The letter he sent to the draft board in 1965 was a clear denunciation of U.S. policies around the world, and at the same time, it showed his refusal to give in to the government threats to jail him.
“How could you have the NERVE [to ask if I am qualified for military service] knowing that I am a black man living under the scope and influence of America’s racist, decadent society??? You did not ask if I had any morals, principles, or basic human values by which to live. Yet, you ask if I am qualified. QUALIFIED FOR WHAT, might I ask? What does being ‘Qualified’ mean: qualified to serve in the U.S. Army? . . . To be further brainwashed into the insidious notion of ‘defending freedom’?
“You stand before me with the dried blood of Patrice Lumumba on your hands, the blood of defenseless Panamanian students, shot down by U.S. marines . . . the blood of defenseless women and children burned in villages [in Viet Nam] from Napalm jelly bombs. . . With all of this blood of my non-white brothers dripping from your fangs, you have the damned AUDACITY to ask me if I am ‘qualified.’ White man, listen to me for I am talking to you!”
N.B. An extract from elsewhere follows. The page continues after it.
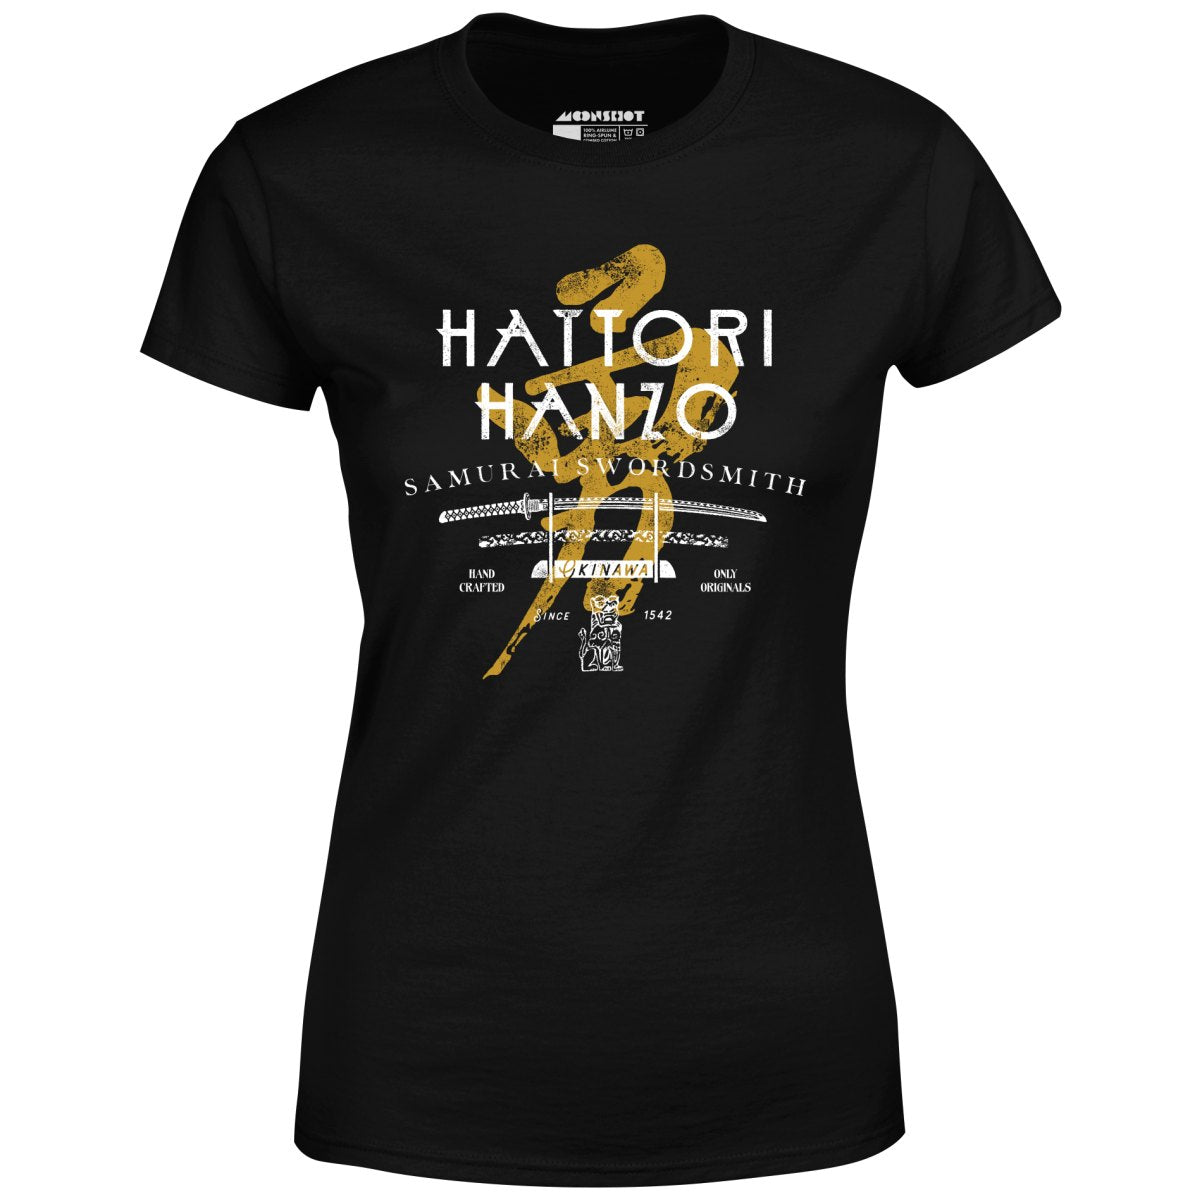 Hattori Hanzo Samurai Swordsmith - Women's T-Shirt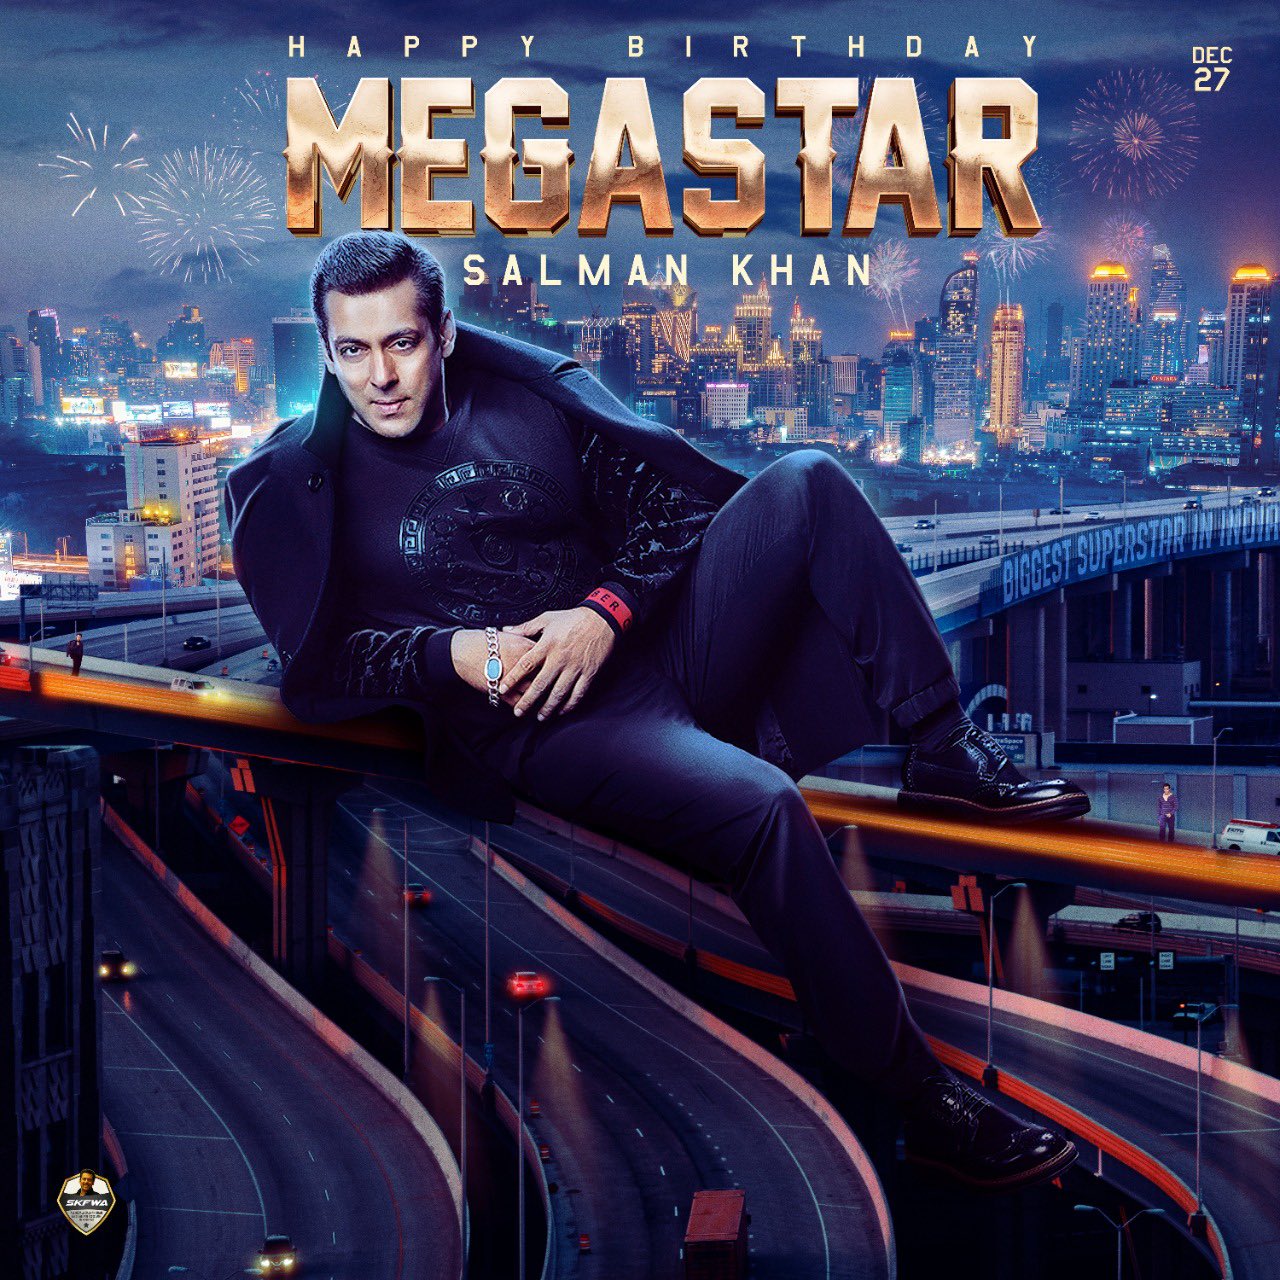 Happy birthday My Lovely Megastar The Salman Khan

Instead of putting him on trial, the government declared him a “security risk” and refused to draft him!
Over the years, he was responsible for the formation of several different political organizations, some clearly nationalist, others on a communist basis, but usually aimed at what he had called the point of production. He ran for elected office–in 1976 as a Communist Labor Party candidate for the Michigan House, but two years later as a Democrat for the same position.
He had been chairman of the Coke Ovens unit in UAW Local 600, and known widely for his defense of workers who sought to fight.
Over the years, his broad political views, including on the UAW, may have shifted, but his commitment to black workers, and more generally to the working class never did.
His passing leaves a big hole in Detroit.